Saturday, August 13, 2011

Web Site Serves Up Catchy Coffee Facts for Readers

The following coffee facts were taken from Gourmet-Coffee-Zone.com: As recently as 2007, Starbucks has been raising the price of coffee, particularly to cover the costs of dairy products. The average cup of straight coffee at Starbucks costs a little over two dollars a cup, while lattes are priced at a little over four dollars. According to Gourmet Coffee, if you want to order a latte with extra foam or cream, you'll easily pay five dollars or more. The rise in prices has not deterred consumers, however. According to a study by the National Coffee Association, gourmet coffee consumption rose by three per cent in 2007 over the year before, while daily coffee consumption in general fell by two per cent during the same period. The NCA estimated that specialty coffee revenue in 2006 to be a whopping $12.2 billion. Seventy-five per cent of these sales took place in cafes and with coffee beverage retailers.

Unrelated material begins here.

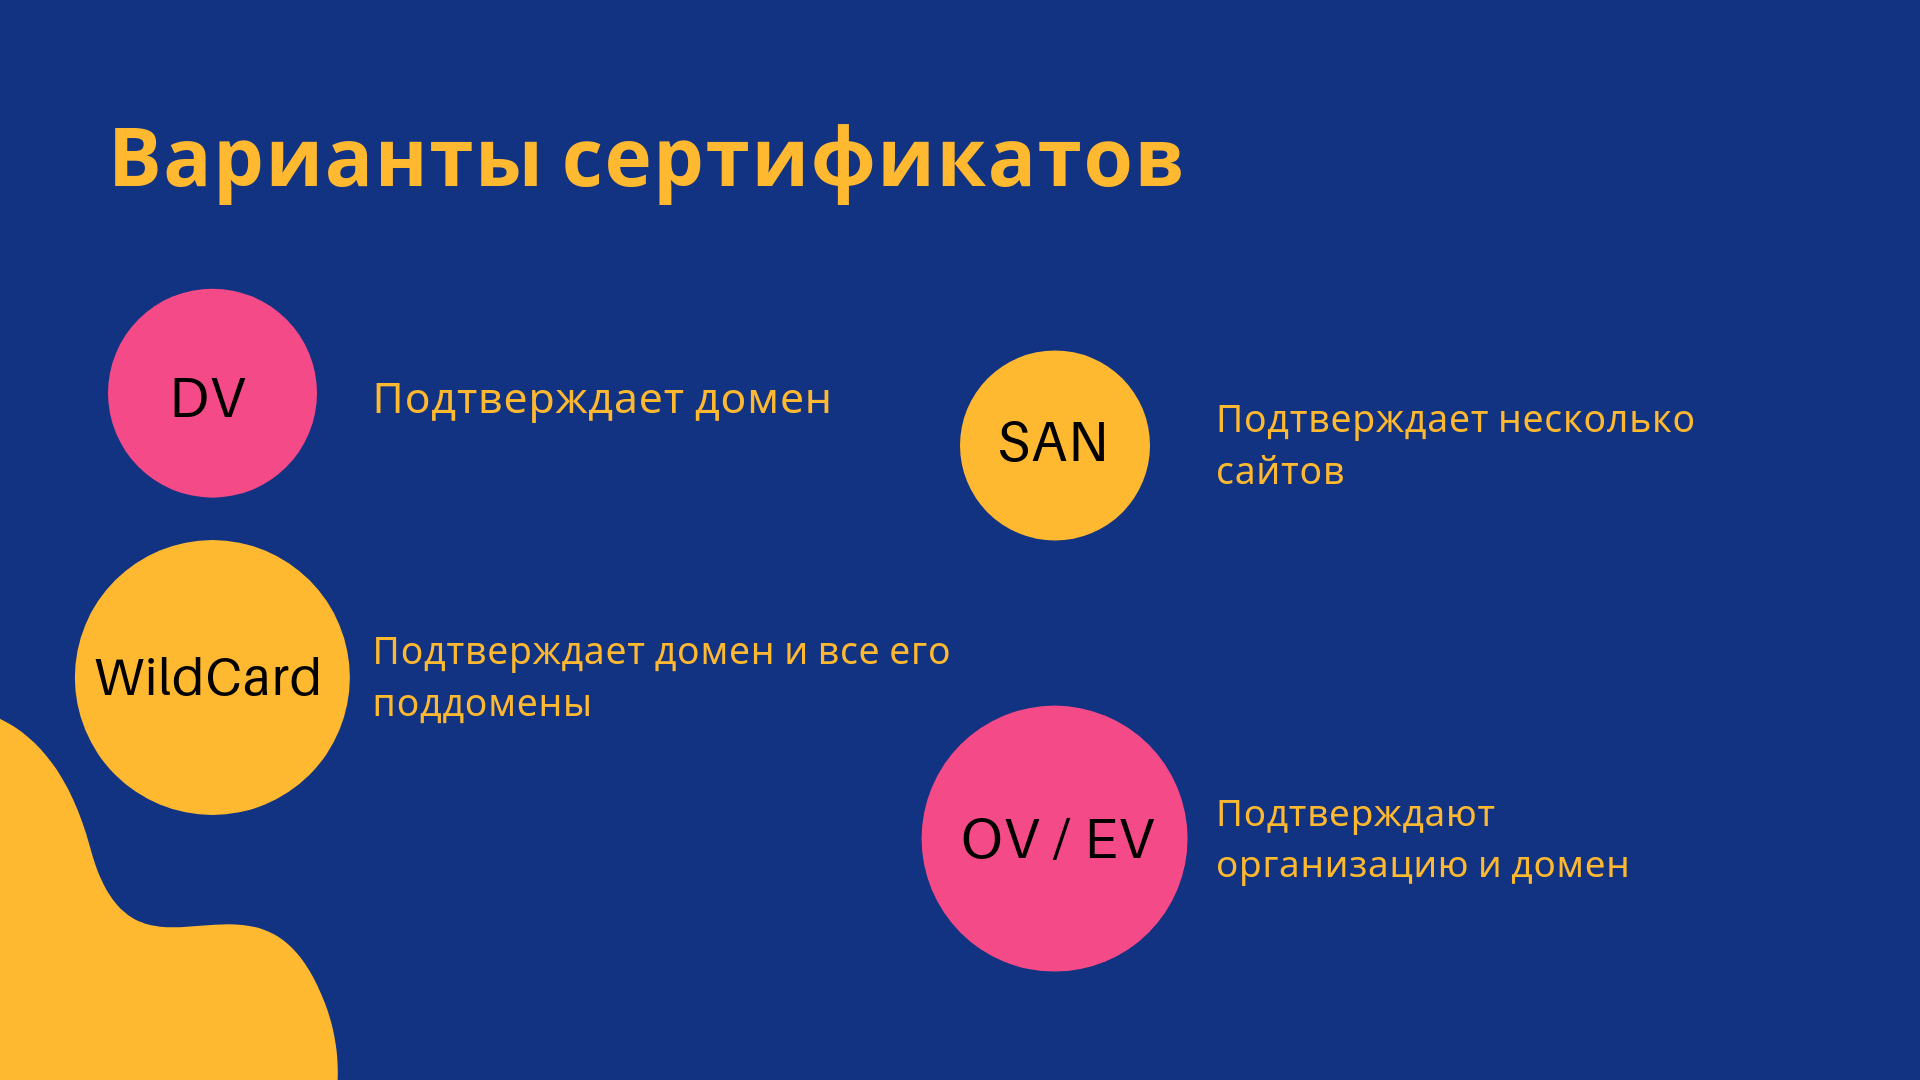 Варианты сертификатов безопасности

Johann Sebastian Bach composed a cantata about coffee between 1732 and 1734. At the time, coffee had been a popular drink in Europe for hundreds of years, while coffee houses were a frequent meeting place, including Leipzig, Germany, where Bach lived at the time. According to Gourmet-Coffee-Zone.com, the musical composition in question was more of "satirical comedy" and relates the tale of coffee addiction, considered to be a serious problem in society at the time.

The first wholesale coffee roasting company in America opened its doors in 1790. The same year the first advertisement for coffee in a newspaper was published.

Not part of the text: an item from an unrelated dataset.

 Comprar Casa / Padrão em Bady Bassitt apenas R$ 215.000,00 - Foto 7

The well-known and popular latte in coffee circles is considered to be an American phenomenon. If you ask for a latte in Italy, you'll get a glass of milk (often warm milk). If you want a latte as it is known in America, you need to ask for a caffe latte (coffee with milk).

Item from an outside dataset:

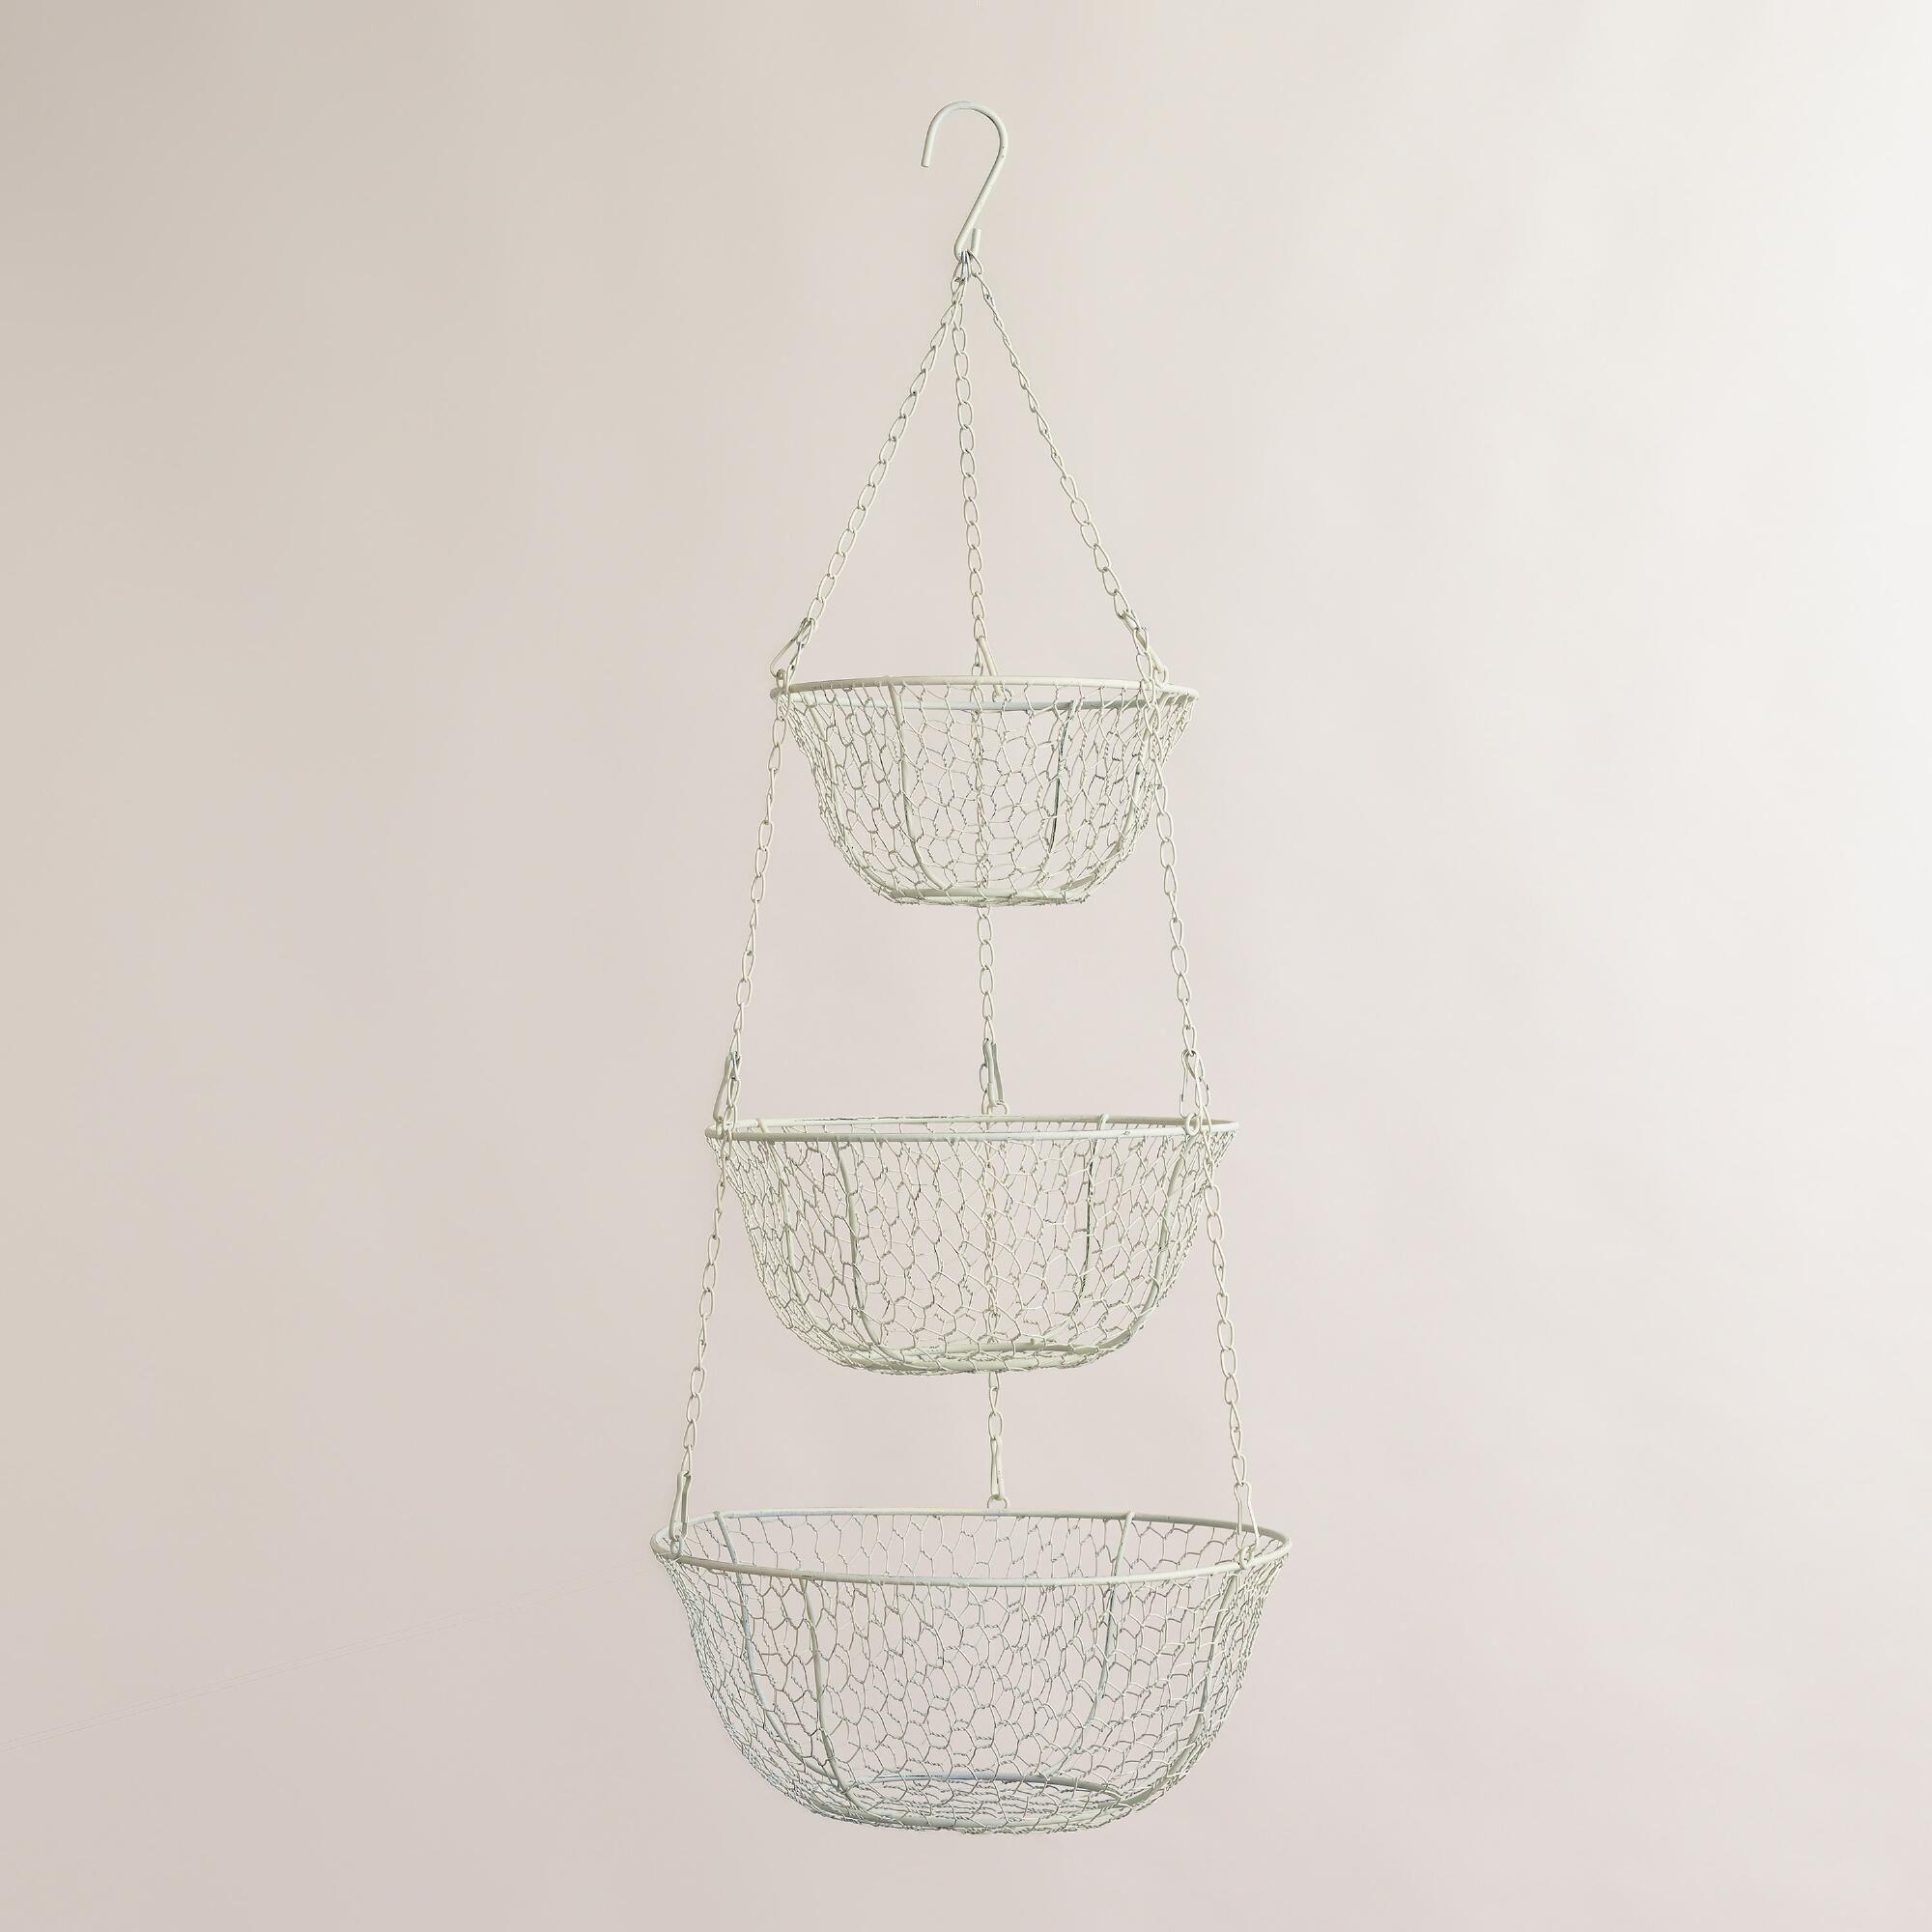 World Market - Antique White Wire Three-Tier Hanging Basket $14.99 ...

The first coffee filtre was created in 1908 by Melitta Benz, a housewife in Dresden, Germany. She used a blotting paper to create the first filtre. The same year, she and her husband, Hugo Bentz, started the Melitta Bentz company, a name synonymous with coffee filtres to this day.

According to legend, a cup of Maxwell House coffee was served to President Theodore Roosevelt in 1907, who declared the coffee to be "good to the last drop." Later, in 1926, the Cheek-Neal Coffee company, which at the time owned the rights to Maxwell House, registered the Presidential remark as a trade mark slogan, a slogan that continues to this very day.

I will be posting more interesting trivia from Gourmet-Coffee-Zone.com in the next blog.